Iterating Tokyo Cabinet in Parallel
Iterating a Tokyo Cabinet database (both B+Tree and Hash Table) is fairly easy as I’ve described it in the past. However, things are different if you want to allow multiple threads to iterate the database individually. This is because iterating TC in a “standard” way limits you to obtain only one iterator per database object.
The Problem
Iterating in a standard way means no matter how hard you try, only one thread can iterate the database at a time. This obviously kills concurrent performance and it is something you want to avoid at all costs. Why do I care? well, this is a pain for developing a relational storage engine because it means that the table scanner can’t be run in parallel. In terms of MySQL/Drizzle internals, threads will have to wait until the scanning thread exits rnd_end(). Not good at all.
The Solution
Fortunately Mikio (the author of TC) was aware of this issue from the beginning and has provided a series of hidden functions that can solve this problem. He actually has other hidden functionalities in TC that is only documented in the header file. He has no plans on deleting those and mentioned that they are only for experts that can actually be bothered reading the header file.
The function we’re interested in is a key-based iterator called tchdbgetnext() and I will introduce my favorite of the series, tchdbgetnext3(). The idea behind tchdbgetnext() is — Given a particular key, TC will return a key/value pair of the next record. The database can then be iterated by continuously throwing the returned key at tchdbgetnext(). The first record in the database can be obtained by providing a NULL key.
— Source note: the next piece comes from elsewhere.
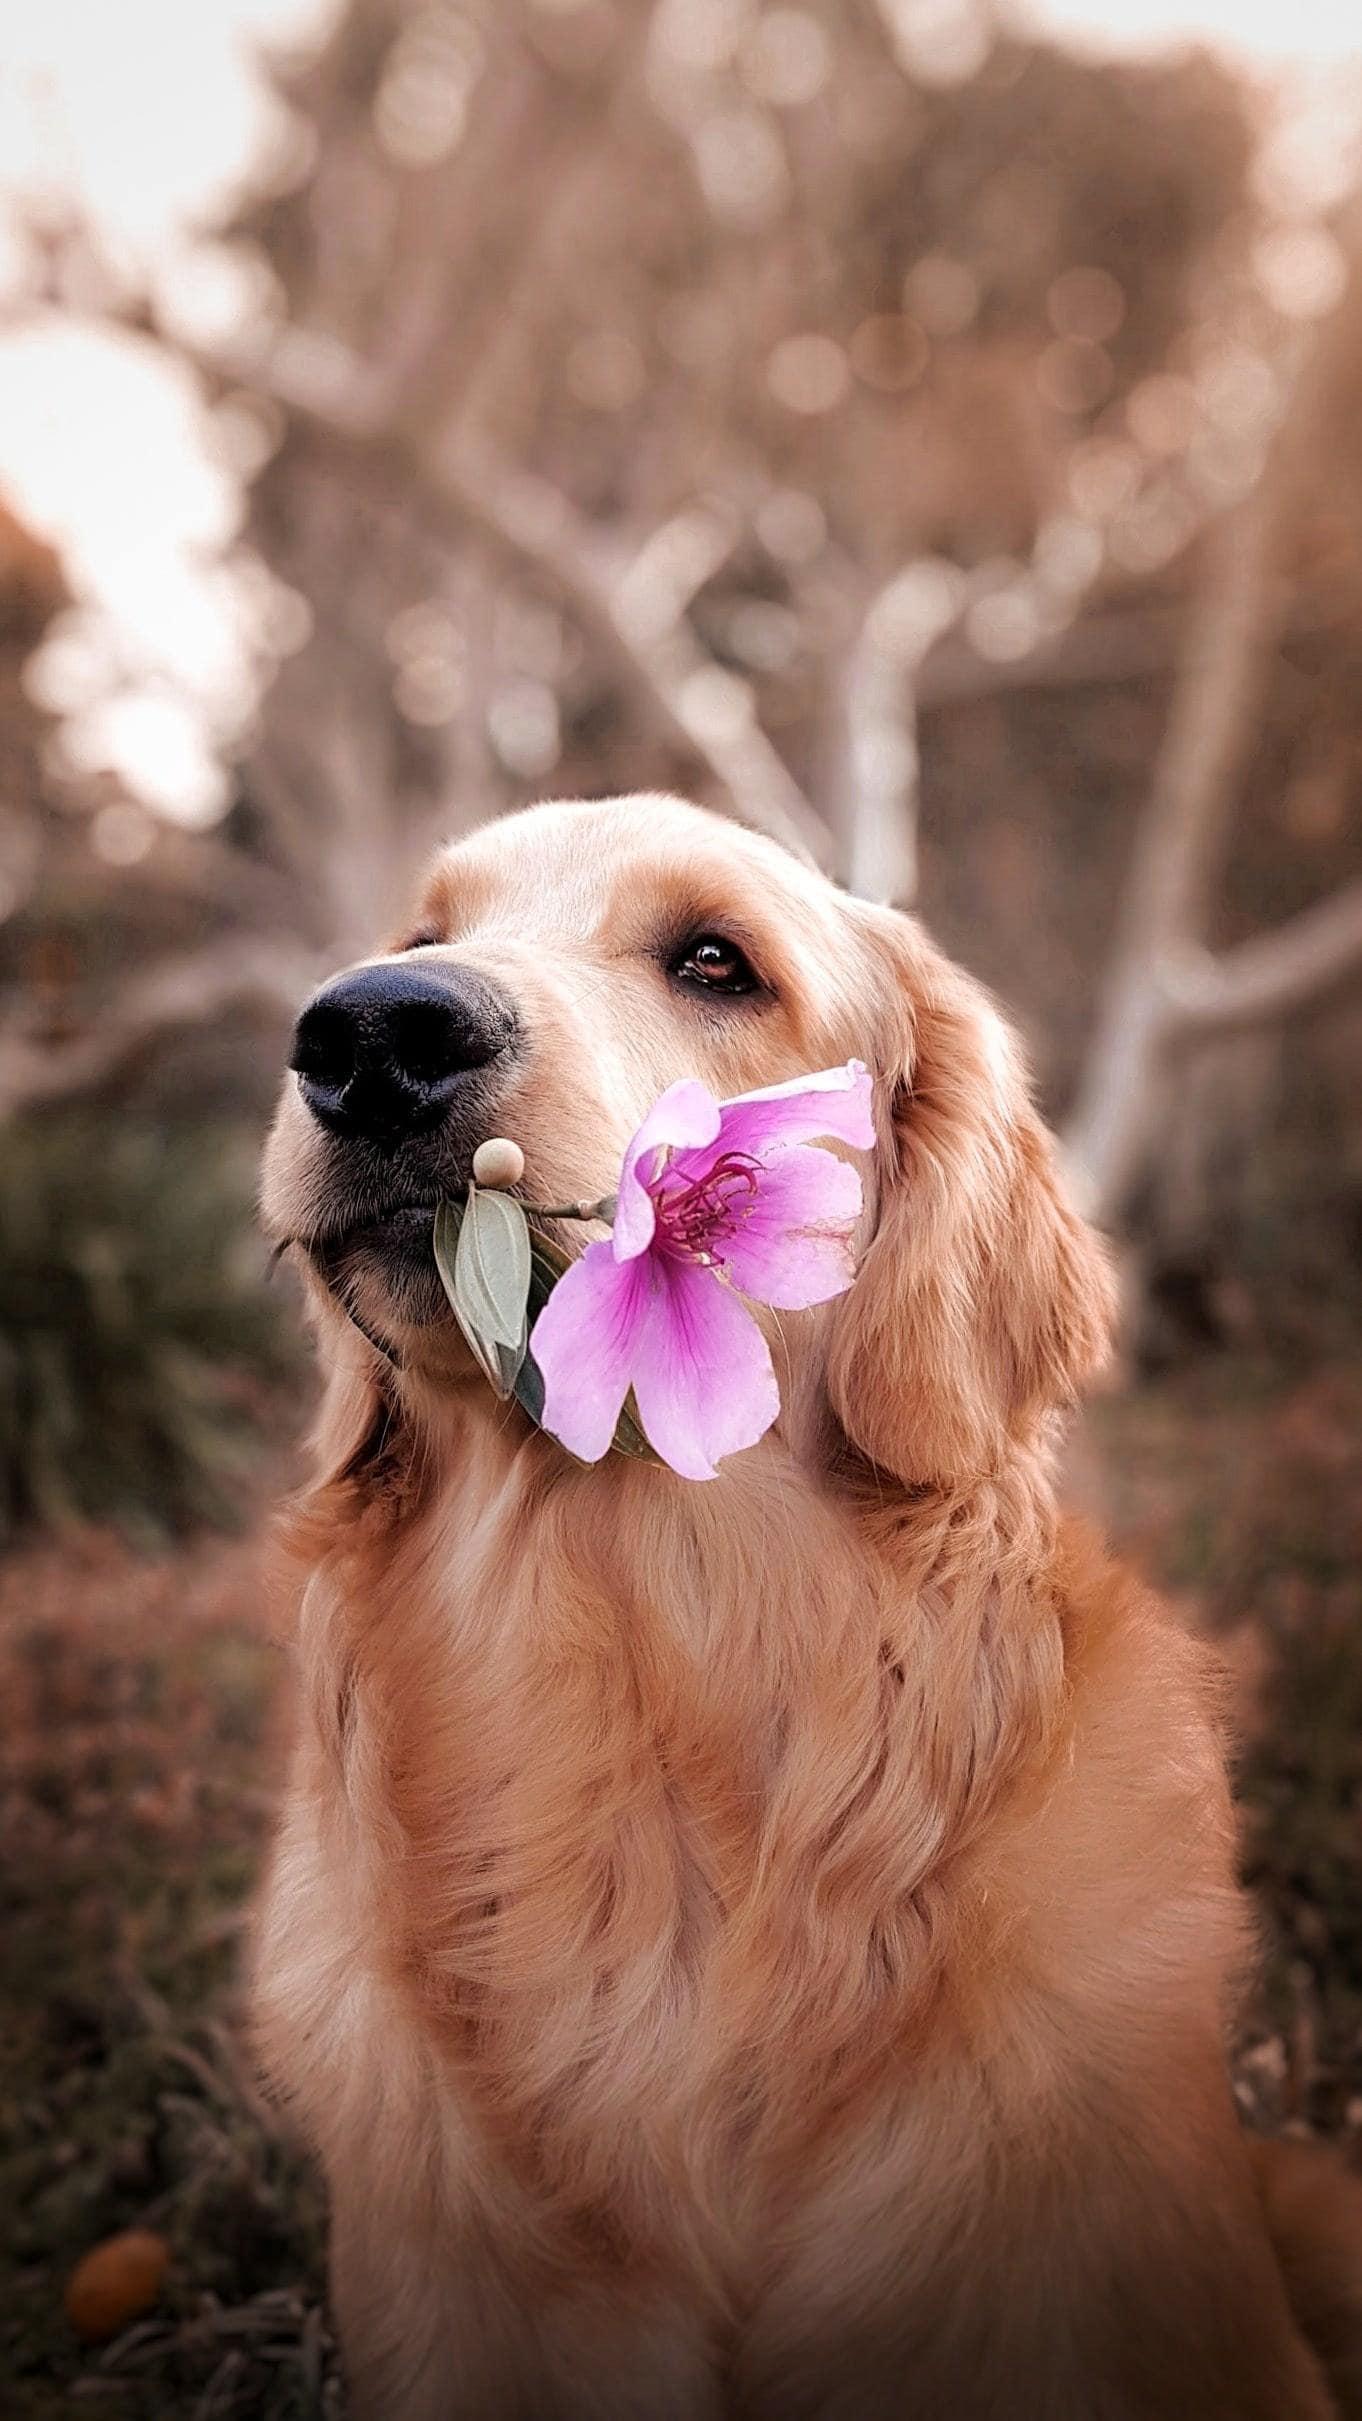 perro con flor en la boca y fondo desenfocado

You’ll see why Mikio decided to hide this function in the following example with tchdbgetnext3():
const char *fetched_data; char *current_key = NULL; char *last_key = NULL; int fetched_data_len = 0; int current_key_len = 0; int last_key_len = 0; while (true) { last_key = current_key; last_key_len = current_key_len; current_key = tchdbgetnext3(tokyo_hashdb_handle, last_key, last_key_len, ¤t_key_len, &fetched_data, &fetched_data_len); /* This will free the value as well. Explained in the blog entry.*/ free(last_key); /* The entire database has been iterated */ if (current_key == NULL) break; }
You might be wondering why the “last_key” pointer is needed above. The answer is, tchdbgetnext3() returns an allocated pointer to the next key so continuously using the same pointer will result in a memory leak. To avoid this leak, “last_key” is used to remember where “current_key” had pointed to before it was re-pointed by tchdbgetnext3(). Confused? This takes a bit of thinking to understand hence it is only documented in the TC header file.
Another tricky but nice thing about tchdbgetnext3() is that it only calls malloc(3) once for each key/value pair. Usually malloc(3) is called individually for both key/value but with tchdbgetnext3(), TC allocates a buffer with enough space to accommodate both key/value and copies them next to each other. So, the pointers for key and value that tchdbgetnext3() sets on success is actually on the same buffer. This is why I only call free(3) on the key pointer in the above example. It frees the entire buffer which includes the value region.
Again, this takes a little bit of thinking to understand but it can cutdown malloc(3) call by half which can mean a lot to some people.